Si chiama 'Mise en abyme' la tecnica di replicare all'infinito, con copia sempre uguale ma più piccola, un'immagine, un testo, un episodio o una situazione narrativa.
    Una miniatura insomma che contiene un mondo, un universo e che nel procedimento contrario potrebbe espandersi all'infinito, ingigantirsi. Una storia nella storia, contenente mille rivoli di altre storie.

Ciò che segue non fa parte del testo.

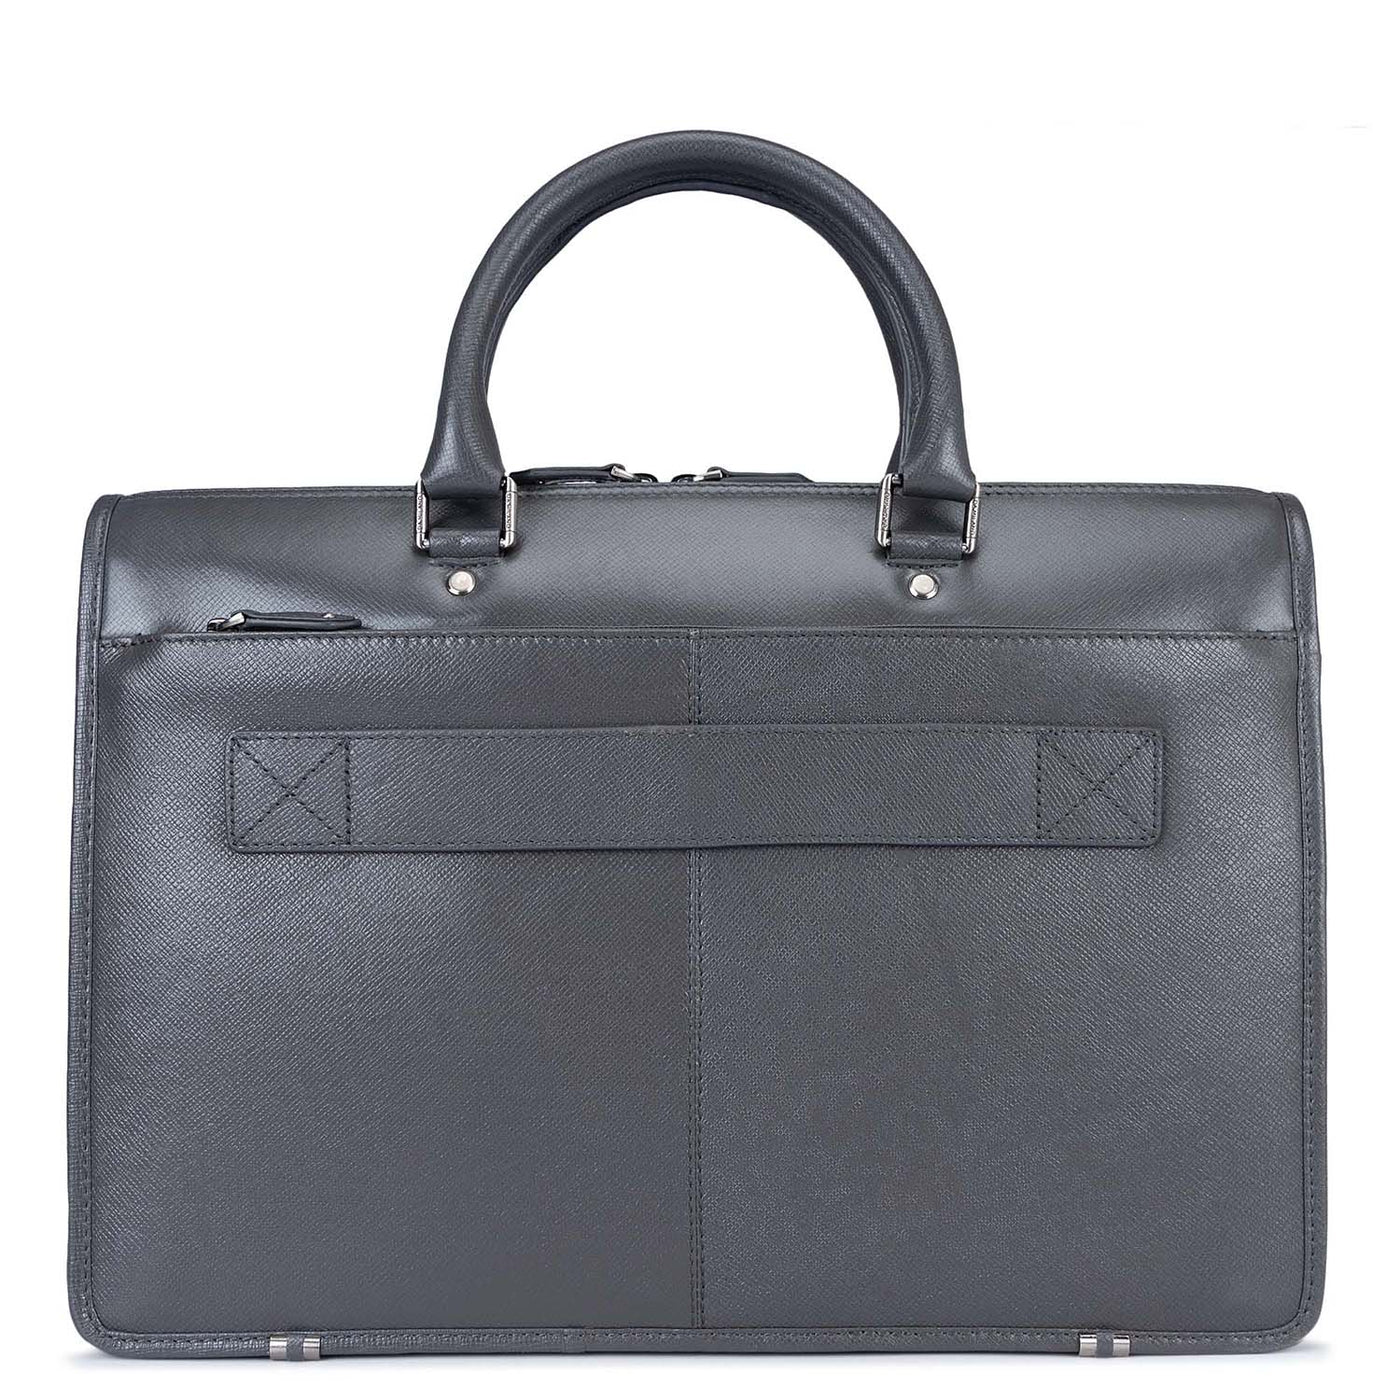 Grey Franzy Leather Laptop Bag - Upto 15"

È quello che mi viene in mente leggendo 'La ragazza di Savannah', in cui Romana Petri affronta la vita, anzi scrive il romanzo della vita di un'altra scrittrice, Flannery O'Connor, di cui il 25 marzo cade il centenario della nascita avvenuta a Savannah appunto nel 1925, mentre morì nella fattoria di Milledgeville, il 3 agosto 1964 ad appena 39 anni. Una delle più grandi scrittrici che il Novecento americano abbia avuto, alla nascita Mary Flannery O'Connor, prima che la decisione di scrivere le facesse scegliere un nome che stampato sulla copertina di un libro poteva essere anche scambiato per quello di un uomo.

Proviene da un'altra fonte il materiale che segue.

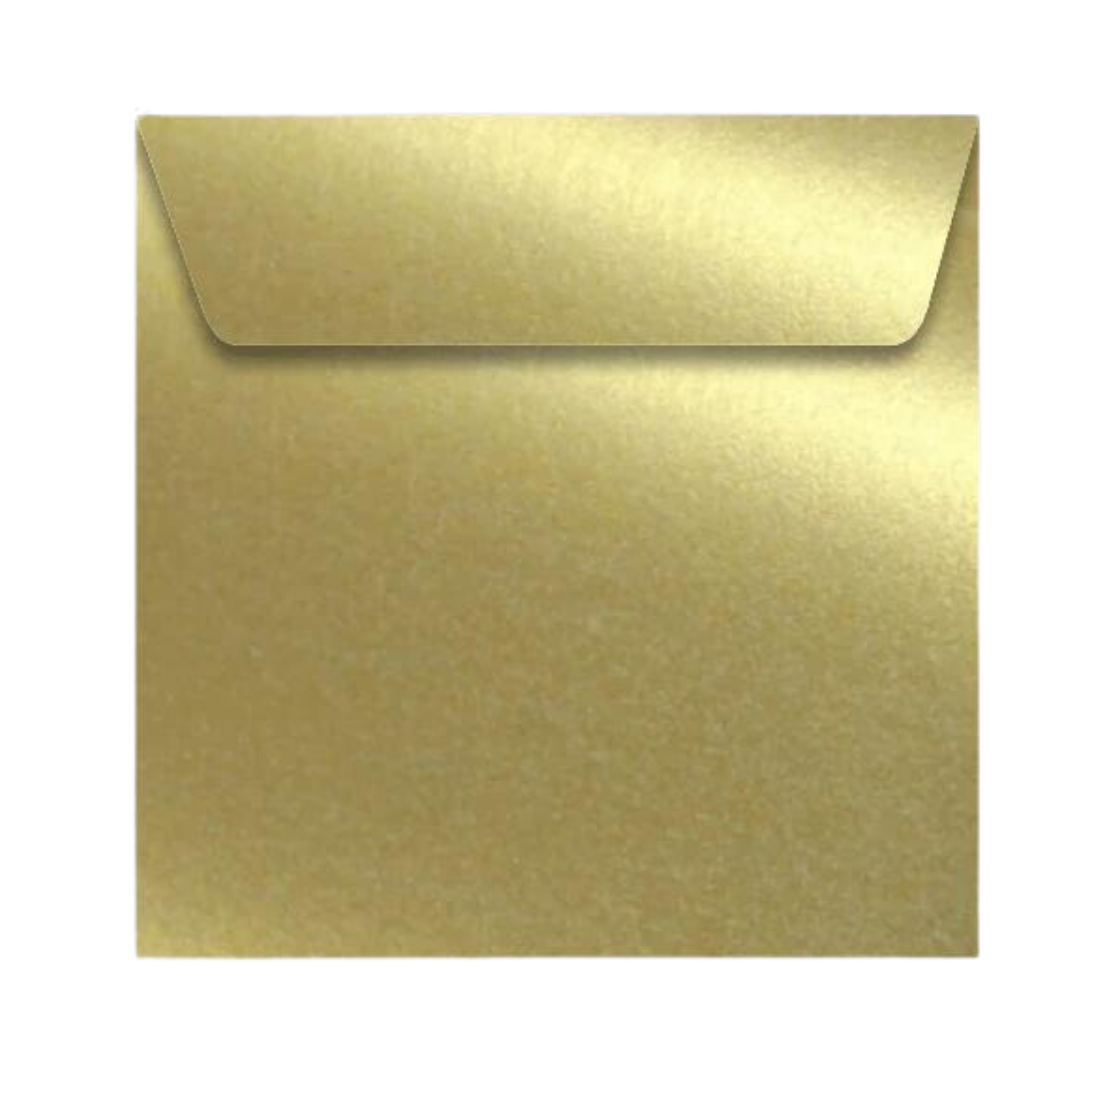 Envelope Majestic Luxus Real Gold 17X17cm Favini

Nel 2023 Romana Petri, nella prefazione alla raccolta di racconti pubblicata da minimum fax de Il geranio e altre storie, nella traduzione di Gaja Cenciarelli (altra scrittrice che adora O'Connor), scriveva che "amore e rabbia hanno dominato la sua vita. L'amore le ha fatto accettare la grazia, a qualunque prezzo. Ma la rabbia l'ha tenuta in piedi fino all'ultimo. E lei non aveva dubbi, per amare ci voleva anche tanta, tantissima rabbia". Ed è sicuramente questa commistione di sentimenti contrastanti, così vicina anche all'autrice di Mostruosa maternità, Rubare la notte e Tutto su di noi, tanto per citare le sue ultime prove, ad attrarre Petri. Come fosse l'incanto tra due anime stregate dalla passione letteraria, la scrittrice con la stampella metallica, gli occhi blu, l'amore per galline e pavoni, la fede sopra a tutto, la vita di malattia e privazioni, che incatena l'autrice di questo romanzo-vita ad una sofferenza gioiosa. È tutto un ossimoro del resto anche la vita di Flannery, come lo sono i titoli dei suoi libri, da La saggezza nel sangue a Il cielo è dei violenti, in Italia pubblicati sempre da minimum fax.

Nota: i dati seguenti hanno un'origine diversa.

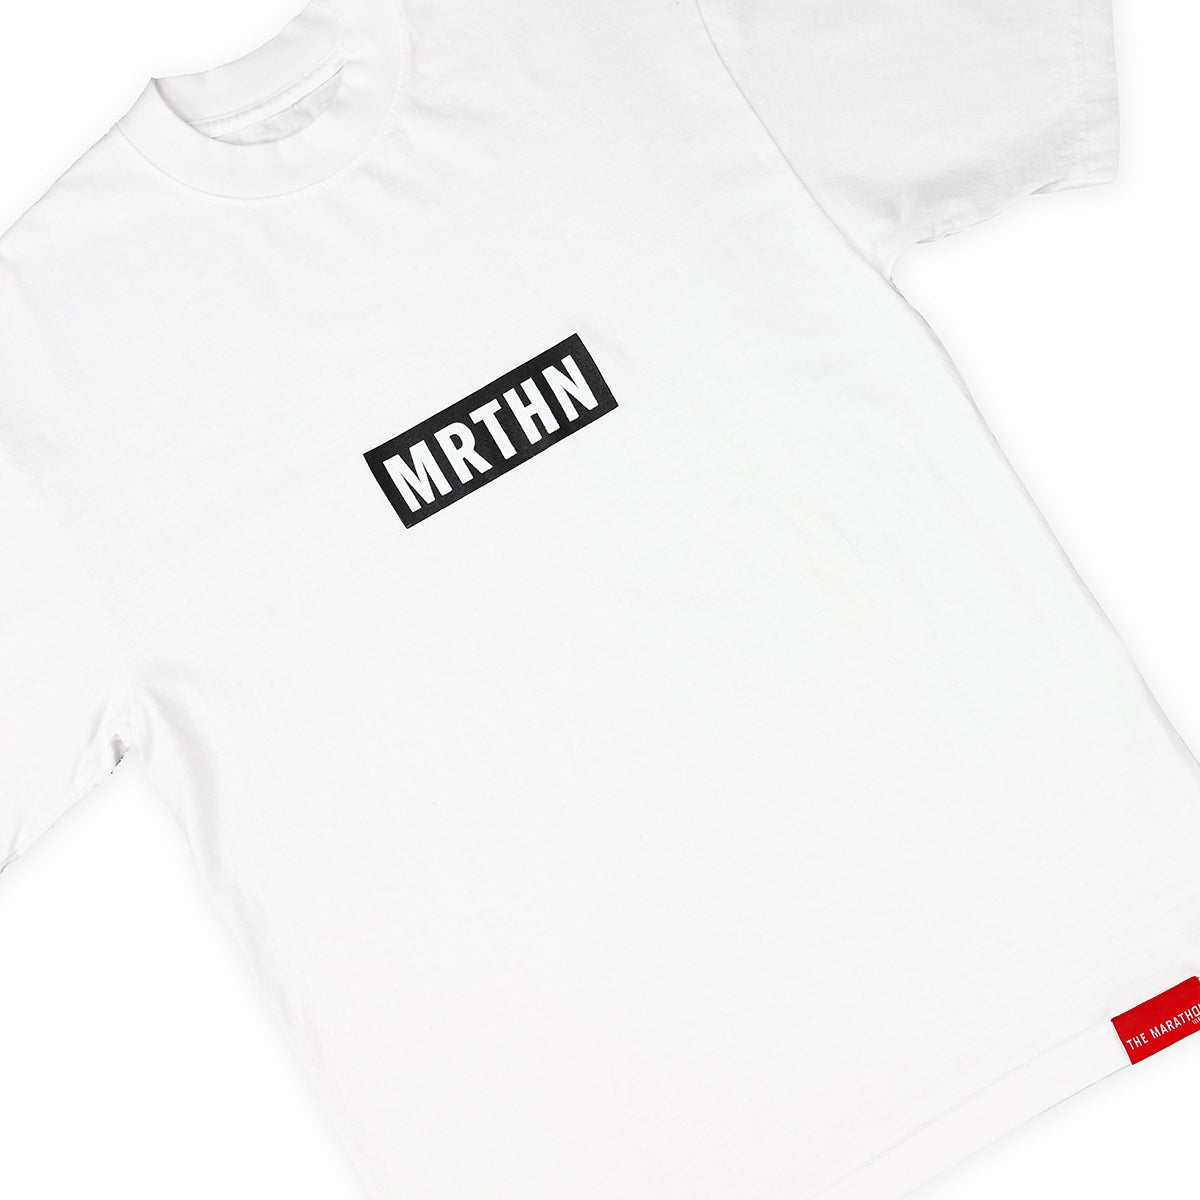 MRTHN T-shirt - White/Black - Detail

E Petri ne fa un vero romanzo nel romanzo, storia di donne che combattono, madre e figlia, contro un ambiente ostile, in un sud chiuso e bigotto. Flannery è prima di tutto una ribelle, che muore a soli 39 anni consumata da quel lupus che già aveva stroncato da giovane l'amatissimo padre, il primo ad intuirne la genialità già nella sua infanzia di bambina originale. Così come sono i suoi personaggi, sempre cattivi, ottusi, violenti e crudeli, così ostili e respingenti che la madre non riusciva a leggere le sue storie pur amandola profondamente. Una donna appesa alle sue stampelle con rabbia, che fino all'ultimo giorno, sul letto di morte, pestava ossessivamente sui tasti della sua macchina da scrivere per rivedere in modo maniacale, ossessivo la pagina che non le sembrava mai del tutto finita. E in tutto questo, ha ragione Romana Petri, non c'è che tanto amore.